→ Aim of the task: The line with "Photos shaved teeth" marks the first line to copy, and the line with "Automotive Gasoline EGR" marks the last. Transcribe that stretch of the data below exactly, without pictures.

→ Entries shown:

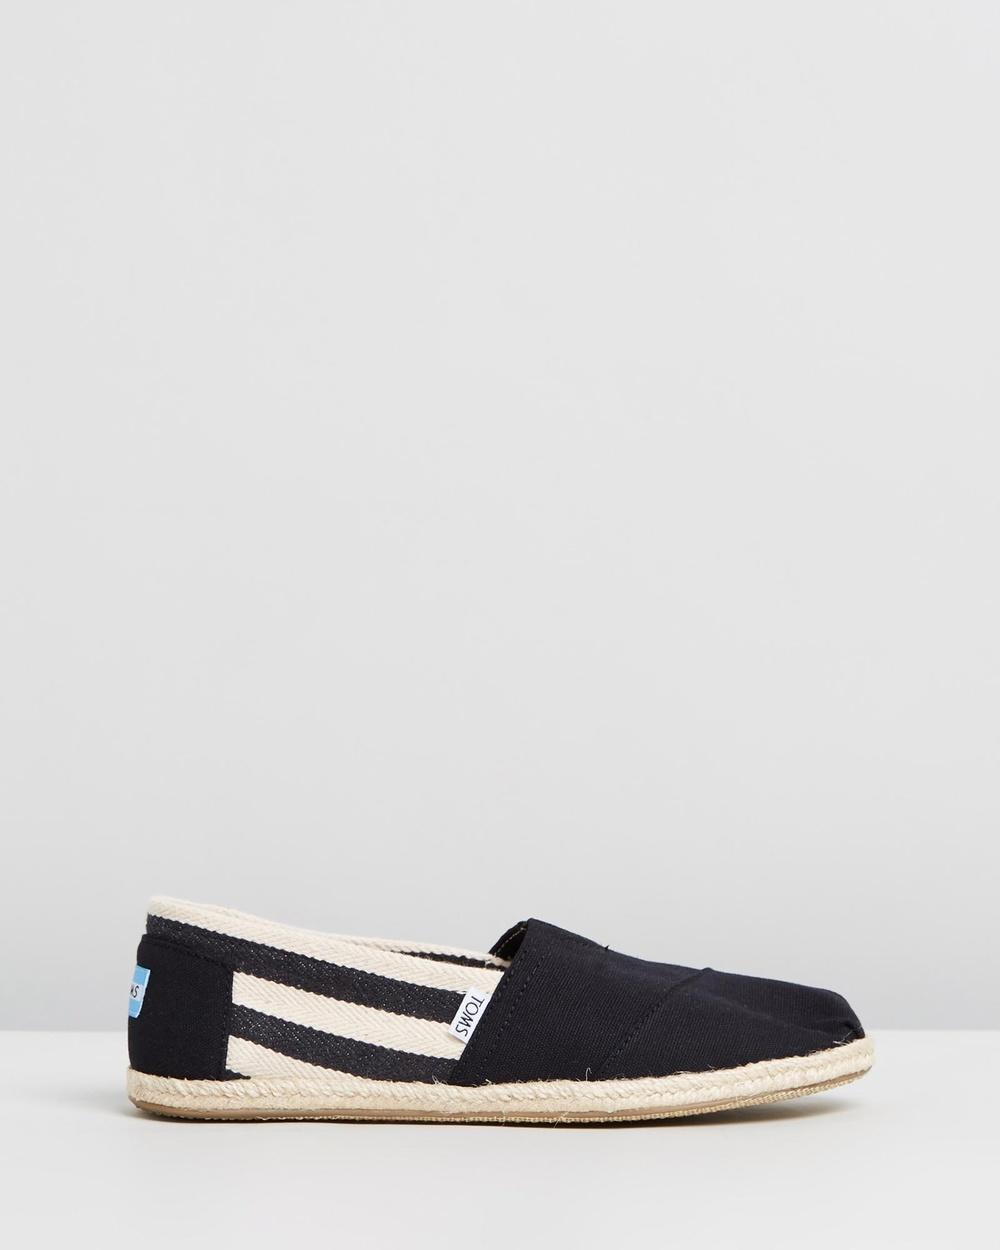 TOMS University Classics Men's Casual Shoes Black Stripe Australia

---

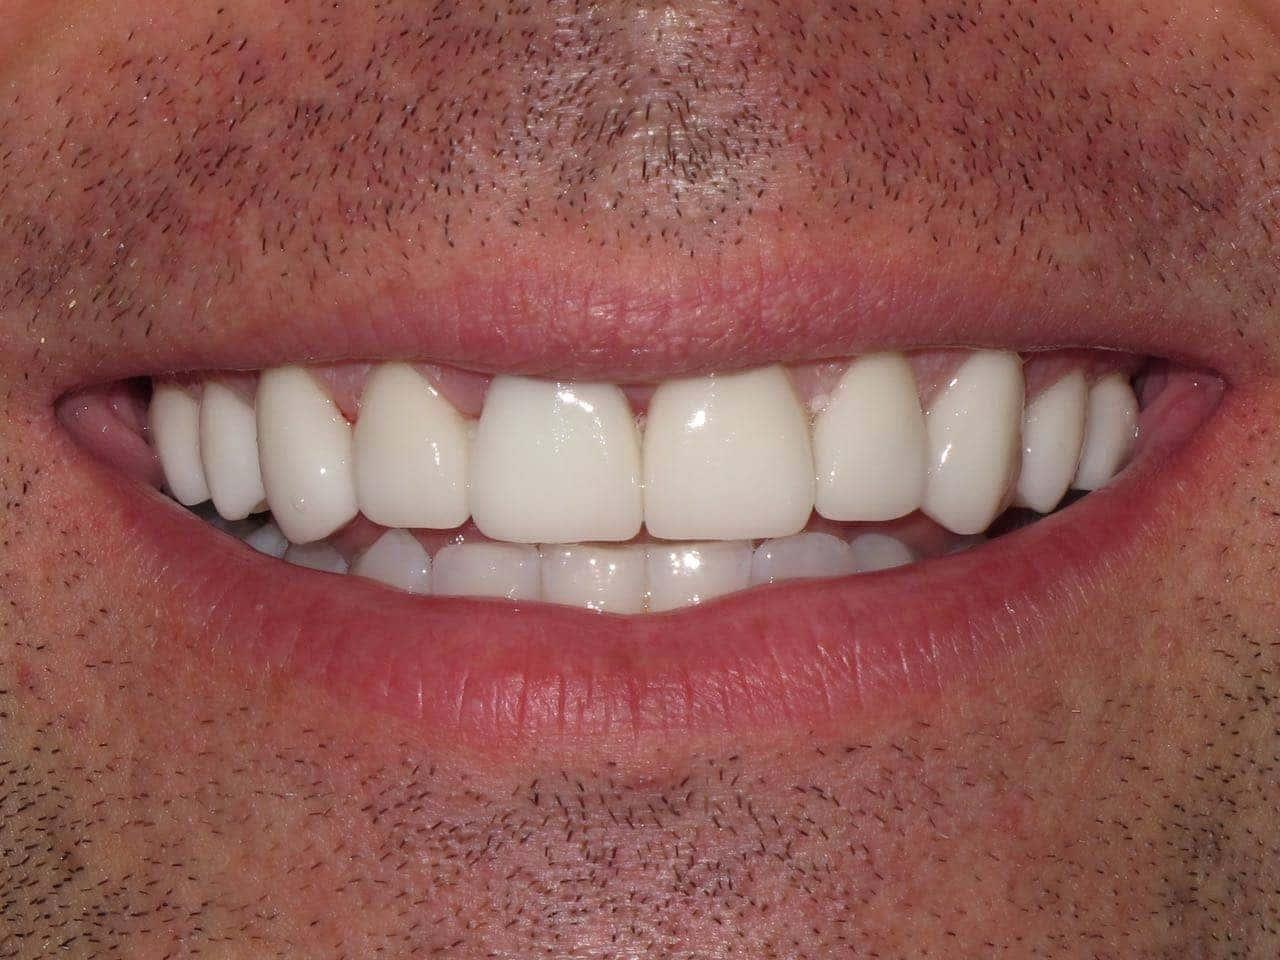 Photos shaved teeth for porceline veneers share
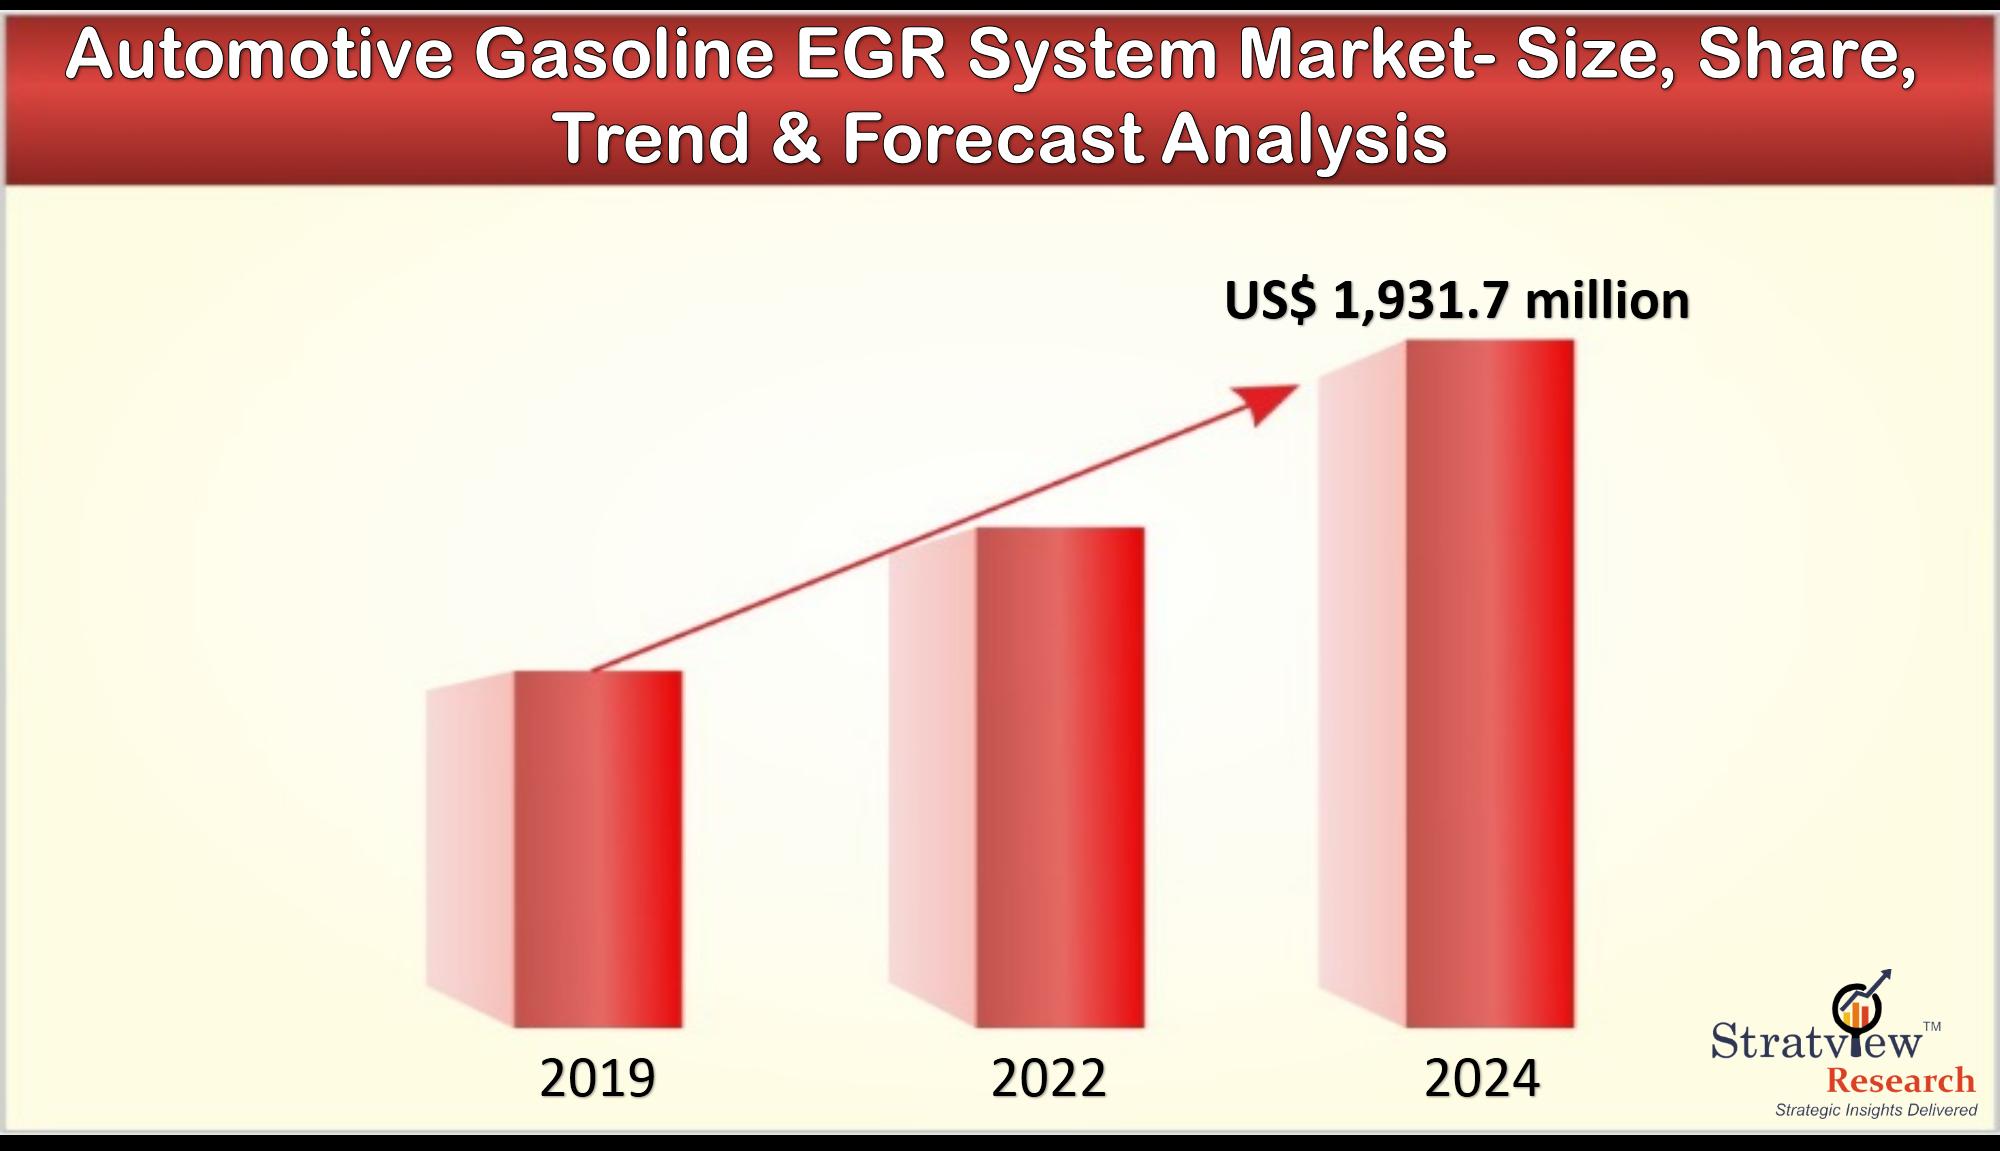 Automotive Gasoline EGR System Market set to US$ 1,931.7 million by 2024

→ Answer for this exercise:
 Photos shaved teeth for porceline veneers share
 Automotive Gasoline EGR System Market set to US$ 1,931.7 million by 2024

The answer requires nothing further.